Just before Joe Biden got pushed out of willingly withdrew from the Democrat nomination, J.D. Vance objected to the Dump Biden movement's attempts to anoint a new nominee. Calling it an attempted "coup," Vance reminded everyone of the legitimate constitutional process for dealing with an incapacitated president. And that doesn't involve doing an end run around a duly elected president and nominee who refused to leave, even after his incapacity has been exposed:
"I mean, look, there’s a constitutional process, the 25th Amendment. If Joe Biden can’t run for president, he can’t serve as president,” Vance replied.
Vance continued voicing his opinion, saying, “And if they want to take him down because he’s mentally incapable of serving, invoke the 25th Amendment. You don’t get to sort of do this in the most politically beneficial way for Democrats. If it’s an actual problem, they should take care of it the appropriate way.”

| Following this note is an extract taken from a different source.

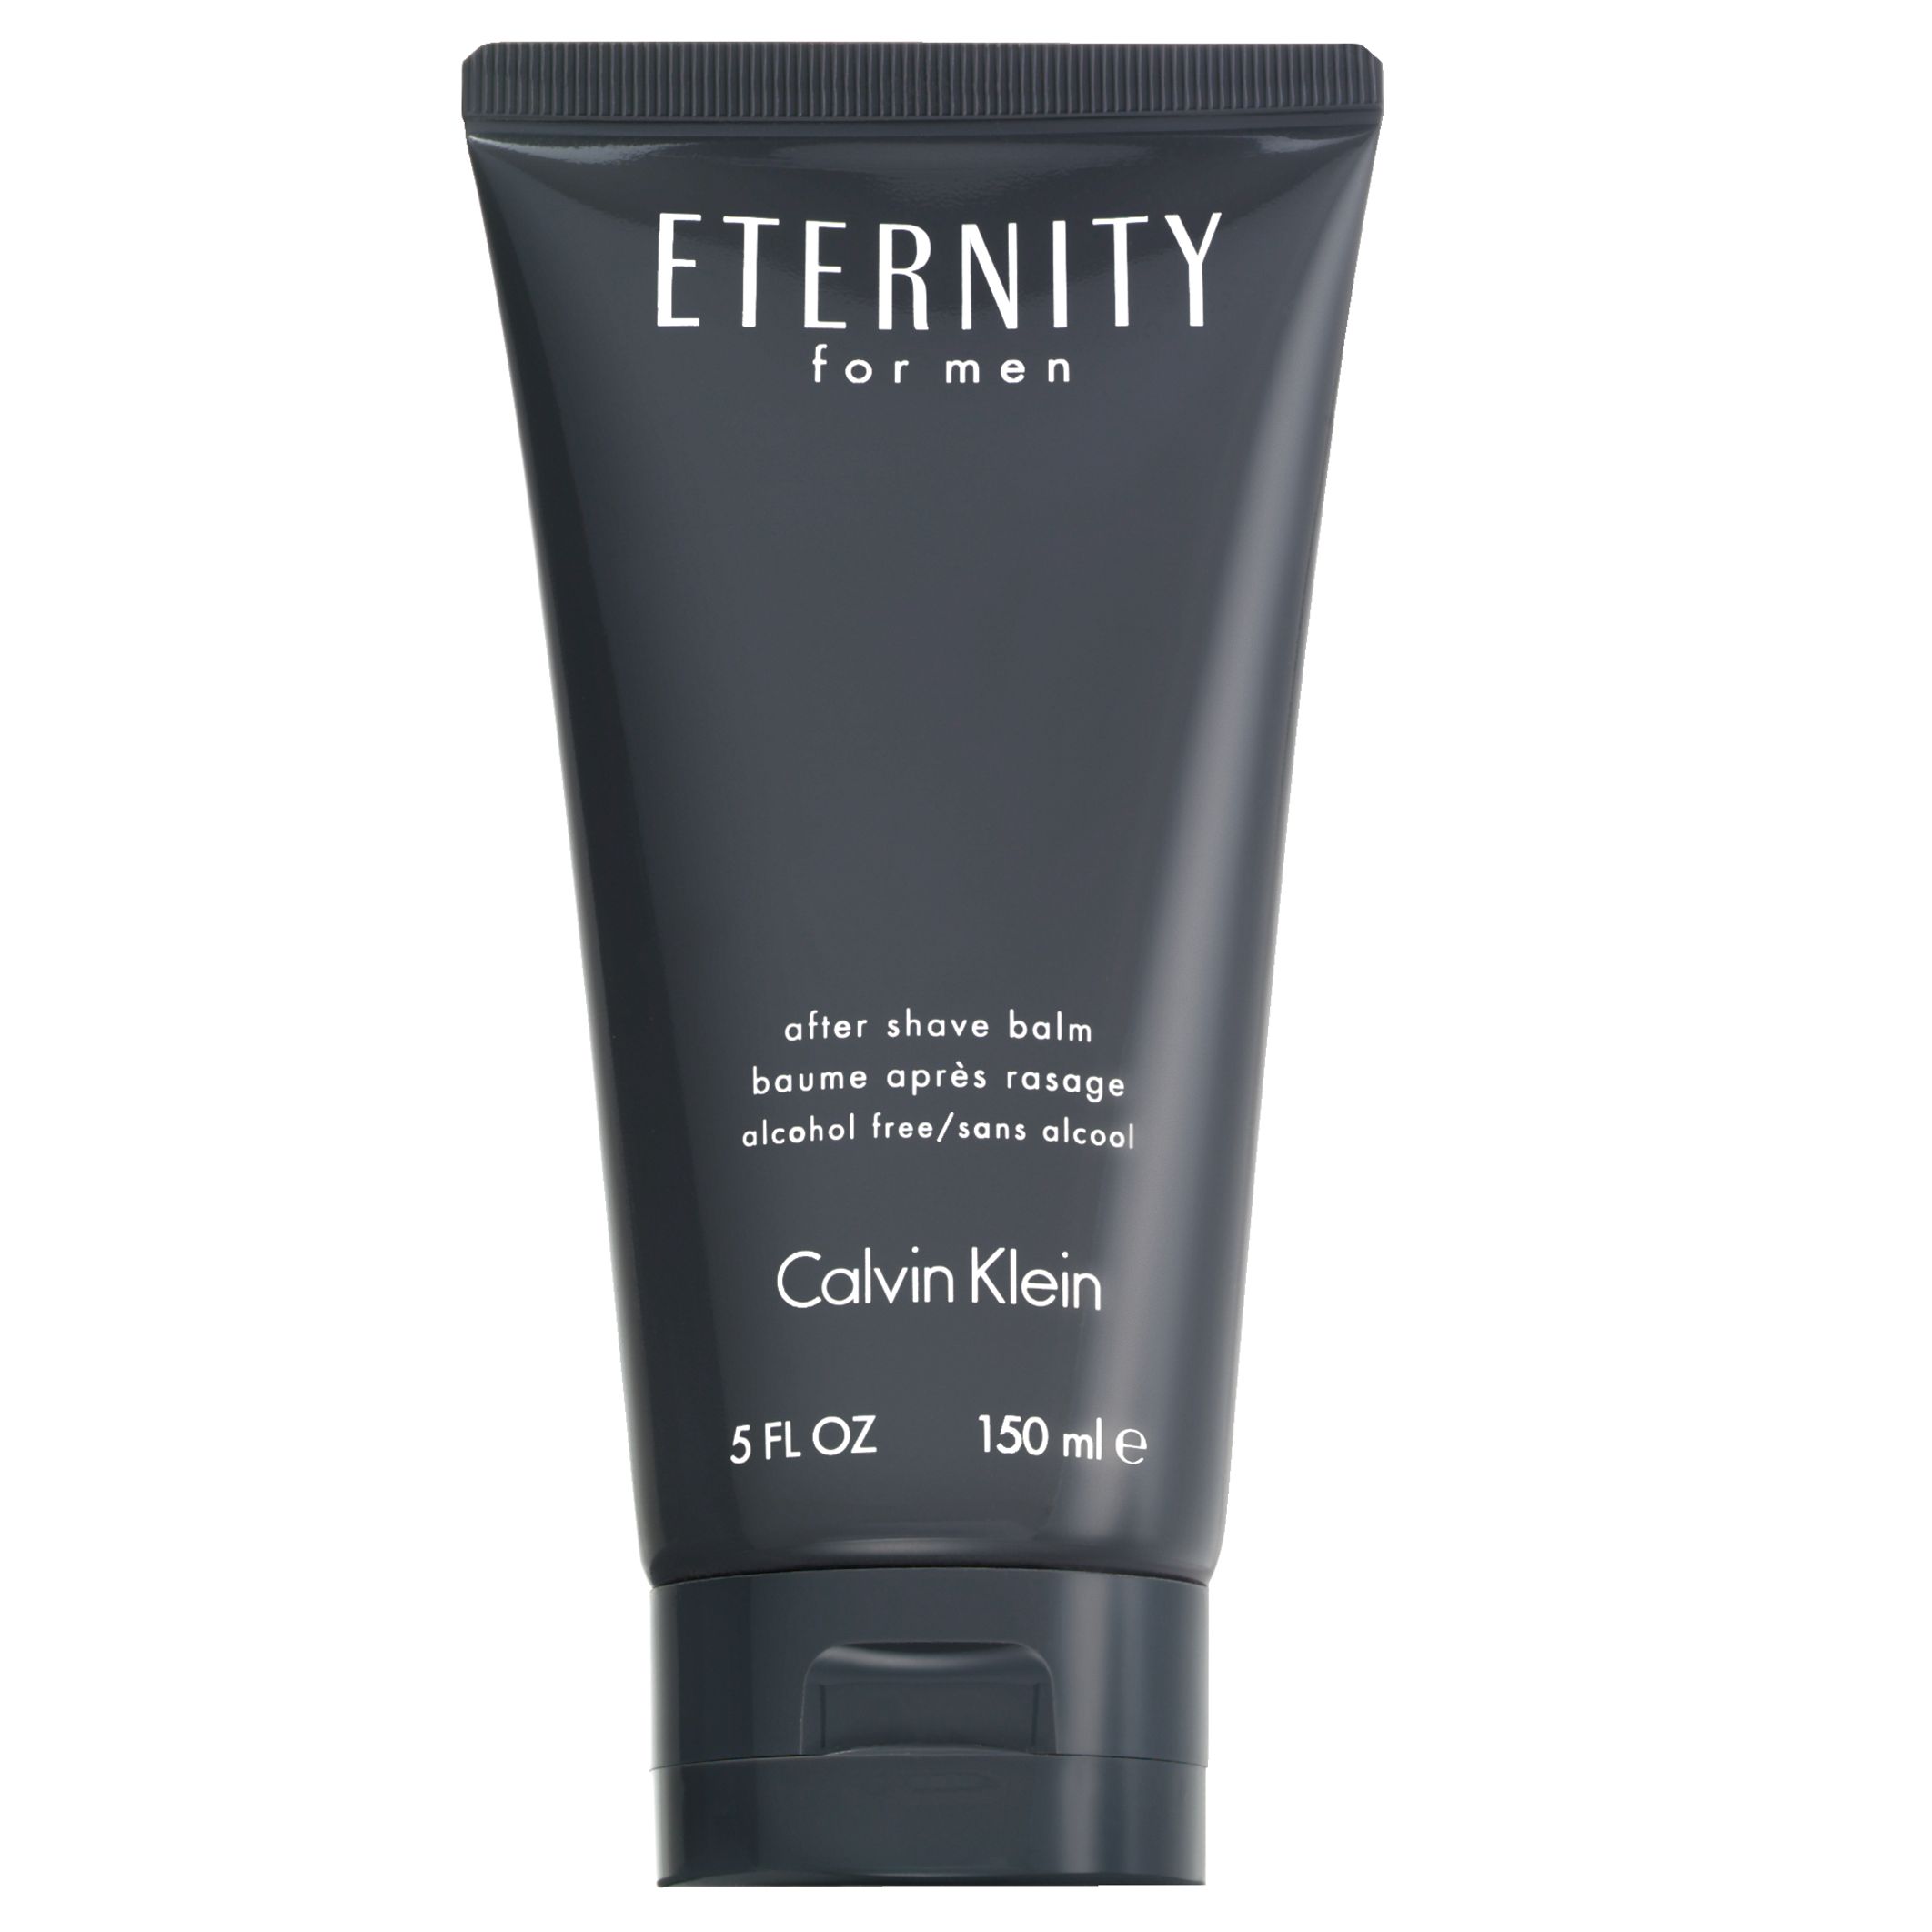 Eternity for Men Aftershave Balm- 150ml

That comment got recorded in a joint interview with Donald Trump the day before Biden's withdrawal, but aired the day after it. That didn't necessarily resolve the issue, though, because it would take two more days before Biden made a public appearance and affirmed his withdrawal in an Oval Office speech. The question remained -- if Biden can't run for office, is he too incapacitated to serve now?
Democrats don't want to answer that question, and maybe they won't need to do so. This morning, Trump told Fox & Friends that Republicans should stop suggesting a 25th Amendment removal, mainly because Kamala Harris would be worse than a marginally competent Joe Biden:
Former President Donald Trump said he doesn’t believe the 25th Amendment should be invoked against President Biden, warning it would be more “dangerous” to put Vice President Kamala Harris in office because she’s “real garbage” and “worse than he is.”

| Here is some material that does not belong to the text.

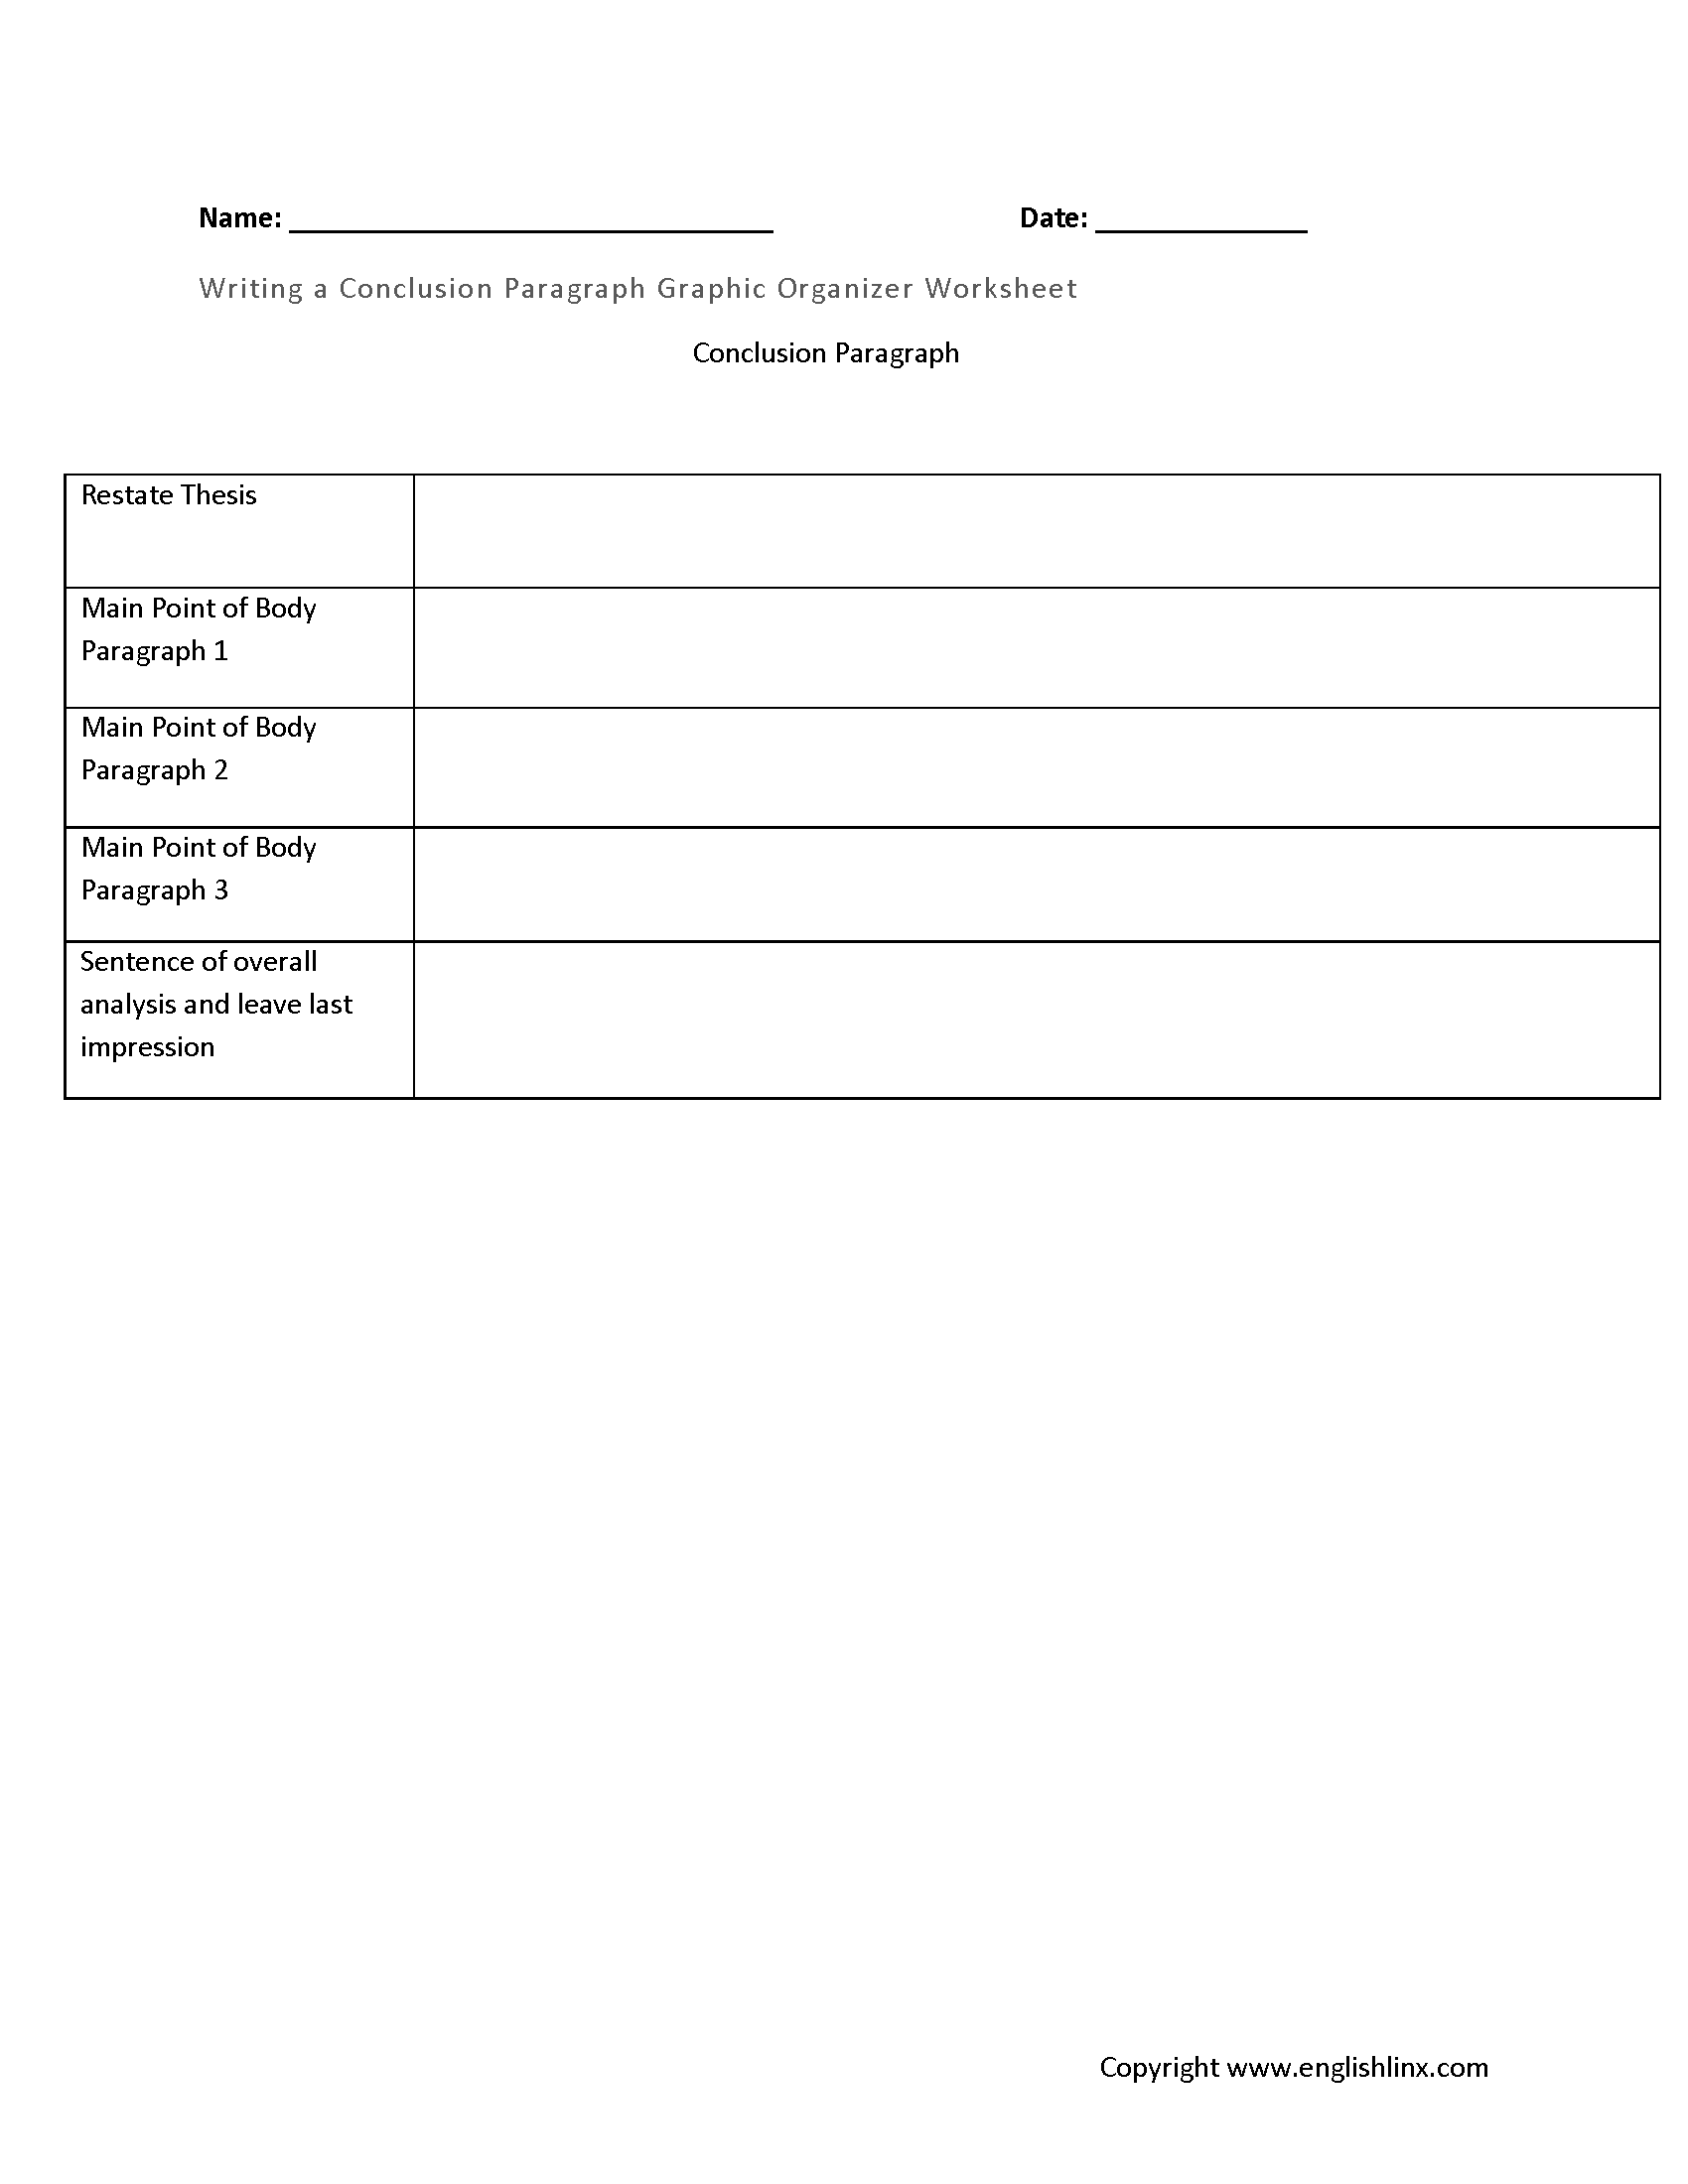 Writing Conclusions Graphic Organizers Worksheet

Trump slammed the vice president during a Thursday morning “Fox & Friends” appearance and said he didn’t think the 25th Amendment should be invoked as Biden will be out of office in a matter of months.
“I don’t think they should use the 25th Amendment. Not long to go, you know, we have four months now and then he’s got another month and a half,” Trump said before taking aim at Harris.
Trump's right on the politics of the moment, although there's clearly and explicitly some self-interest in his argument. Disqualifying Biden as incapacitated would immediately elevate Harris to the position of acting president -- if Biden went along with it -- and probably create some rally momentum to her candidacy. She'd be the incumbent and would own the Biden record, but that's already true without starting a coup. Trump already plans to hang the border crisis around the border czar's neck, along with all of Biden's other failures over the last four years, plus put a spotlight on Harris' radical politics.
In electoral-politics terms, Biden's basically irrelevant now. In fact, he's going to shortly discover that he's irrelevant entirely, even in executive terms. Biden became a lame-duck president on Sunday, but his party had emasculated him ever since the debate anyway. Harris will need to direct administration policy and implementation to a large extent to coordinate it with her campaign, which means that Biden will serve more explicitly as a figurehead than he did before. After last night's wan and unresponsive speech, we may not hear or see much from him at all.
But if Harris tried to use the 25th Amendment, Biden would balk at it and set up a grave constitutional crisis. That might play well for Republicans in the short run but it would also act as a catalyst for a far more destructive political environment than we have even at this moment. Since Trump himself got victimized by the current elevated bitterness in American politics, he might have a real personal interest in dialing down the chaos -- especially given that Democrats entirely own the chaos of the summer.
The country can limp through this arrangement until the election, Trump argues. He's probably right, but that shouldn't keep him or anyone else from making clear to voters that this arrangement resulted from a years-long cover-up of Biden's cognitive impairments -- and that Harris is entirely tied into that fraud and conspiracy of silence. She's unworthy of the office, even through a 25th Amendment emergency grant. That's a winning argument for Trump, and he knows it.
Here's the full interview, via Right Scoop. The discussion starts at about the two-minute mark:
Addendum: Further into the interview, the panel asked Trump to react to Biden's speech last night. Trump called it "terrible," and Biden's removal from the ticket a "coup":
"I think it was a coup. They didn't want him running. He was way down in the polls, and they thought he was going to lose," Trump said. "They went to him and they said, you can't win the race, which I think is true, unless I did something very foolish, which I wasn't going to do, and I think he was so far down and they said, 'You're not going to win, and you're not in great shape, and you did poorly in the debate.' I think the debate started everything."
"I know a lot of people on the other side, too, that they went, and they forced him out between Pelosi and Obama and some others that you see on television. It was interesting," he continued. "I'd watch them on television and they act so nice. ‘Oh, yes, we loved you. We loved you behind the scenes.’ I know for a fact they were brutal."